- Я тоже надеюсь, что о нашем разговоре никто не узнает, - сказал Лионель, выслушав мейстера, и спустя несколько часов в ночной тишине рядом с бессонной Кейтилин, сидевшей у постели умирающего сына, появился крепкий лысый человек с прозрачными разбойными глазами.

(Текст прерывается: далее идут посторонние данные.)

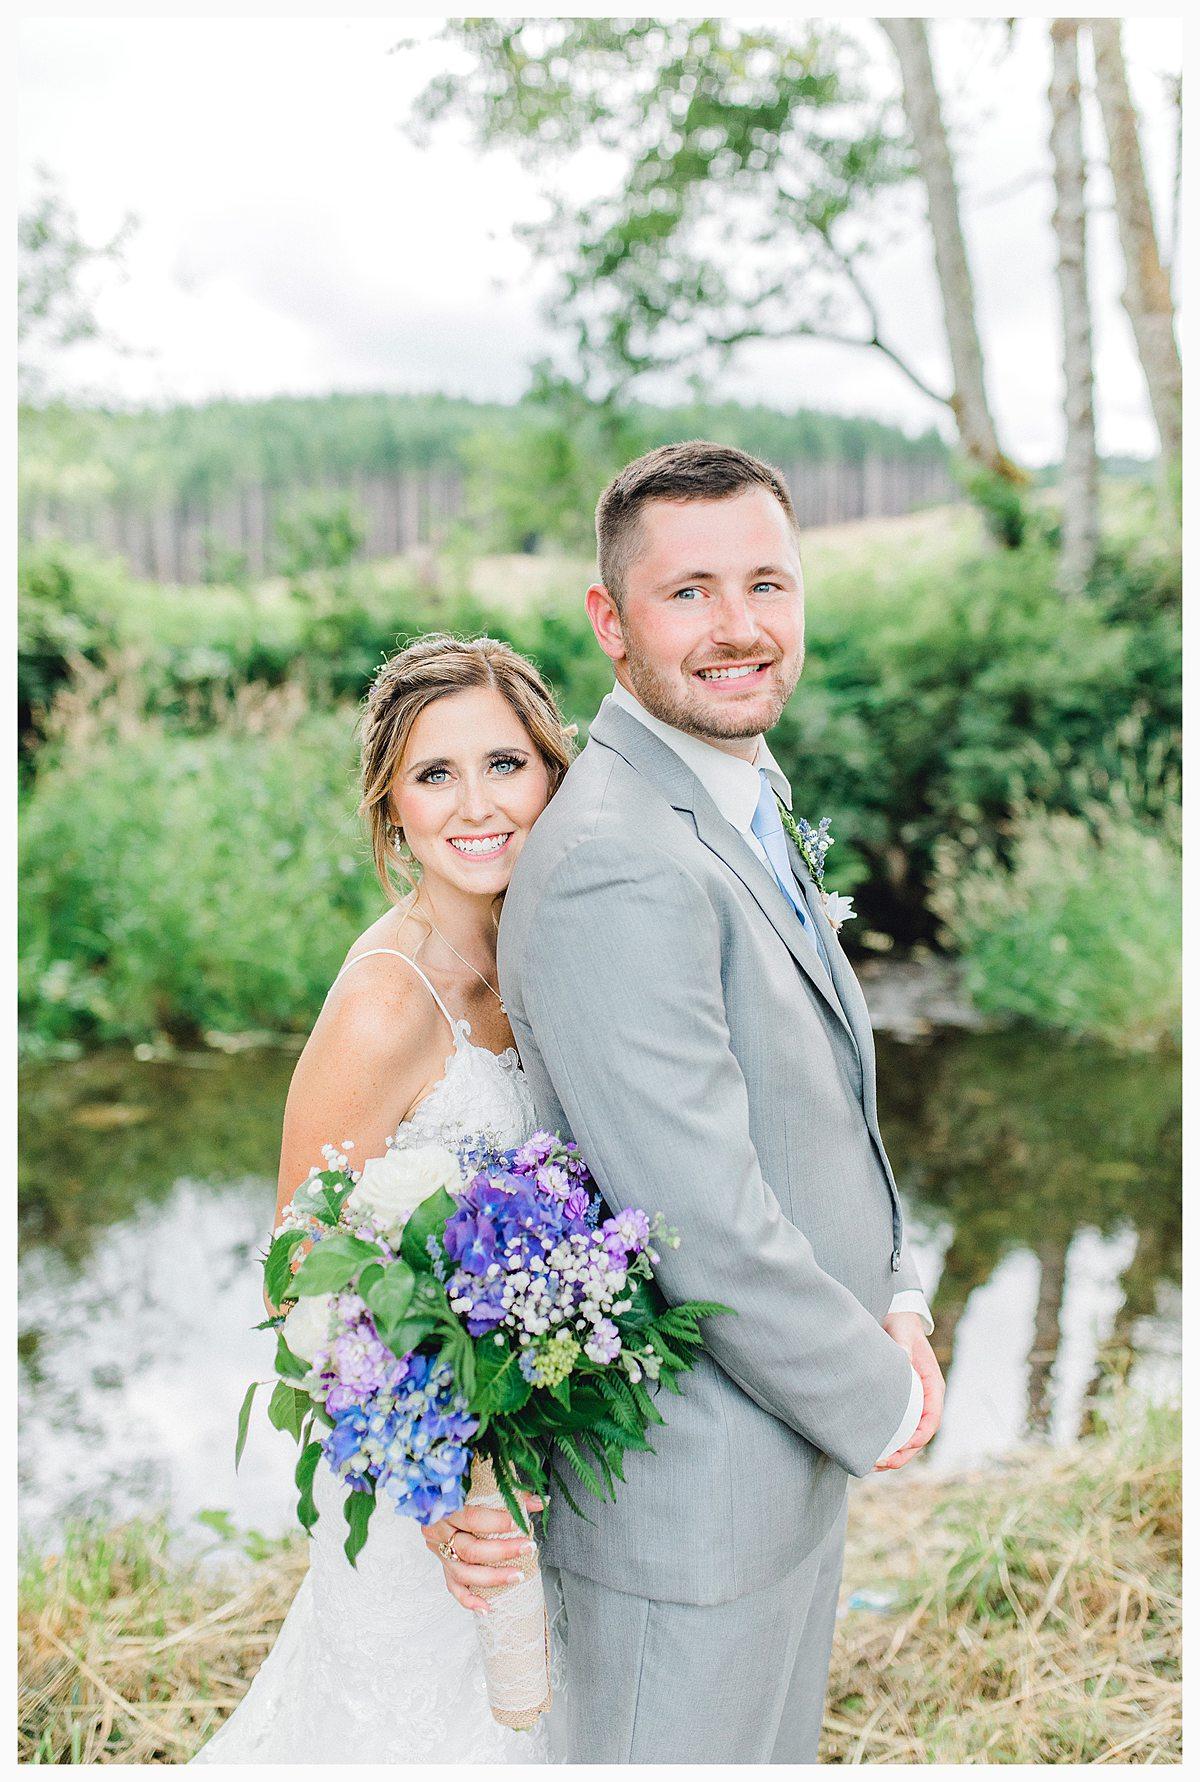 Rustic Coastal Blue Wedding in Southwest Washington, Emma Rose Company, Seattle and Portland Wedding Photographer, Light and Airy_0089.jpg

- Я Торос из Мира, госпожа, - заново представился вздрогнувшей Кейтилин неожиданный гость. – Я жрец Рглора, Владыки Света. Вы ожидаете чуда, а чудеса творят не люди, а боги.
У Тороса из Мира было больше турнирных побед, чем обращенных в свою веру душ, но в нужную минуту он мог быть весьма убедительным, и спустя десять минут он уже стоял совсем рядом с постелью Брана, положив руку ему на лоб. Торос шептал молитвы и начинал чувствовать рядом могучую волю неизвестной природы, которую ему, как жрецу Рглора и монотеисту, следовало бы списать на Великого Иного и попытаться изгнать, но недостойный жрец слишком любил максиму «кто не против вас, тот за вас», вычитанную в одном из немногих освоенных им священных текстов, и потому он приноровился к этой воле, оперся на нее и начал делать то, за чем он пришел.
- Лето, - произнес Бран, открыв глаза, и его лютоволк сразу откликнулся на свое новое имя, поставив лапы на кровать и начав вылизывать лицо мальчика, а Торос из Мира, оглушенный и опустошенный, отступил назад, стараясь разорвать контакт с неведомой ему волей, удержавшей Брана среди живых.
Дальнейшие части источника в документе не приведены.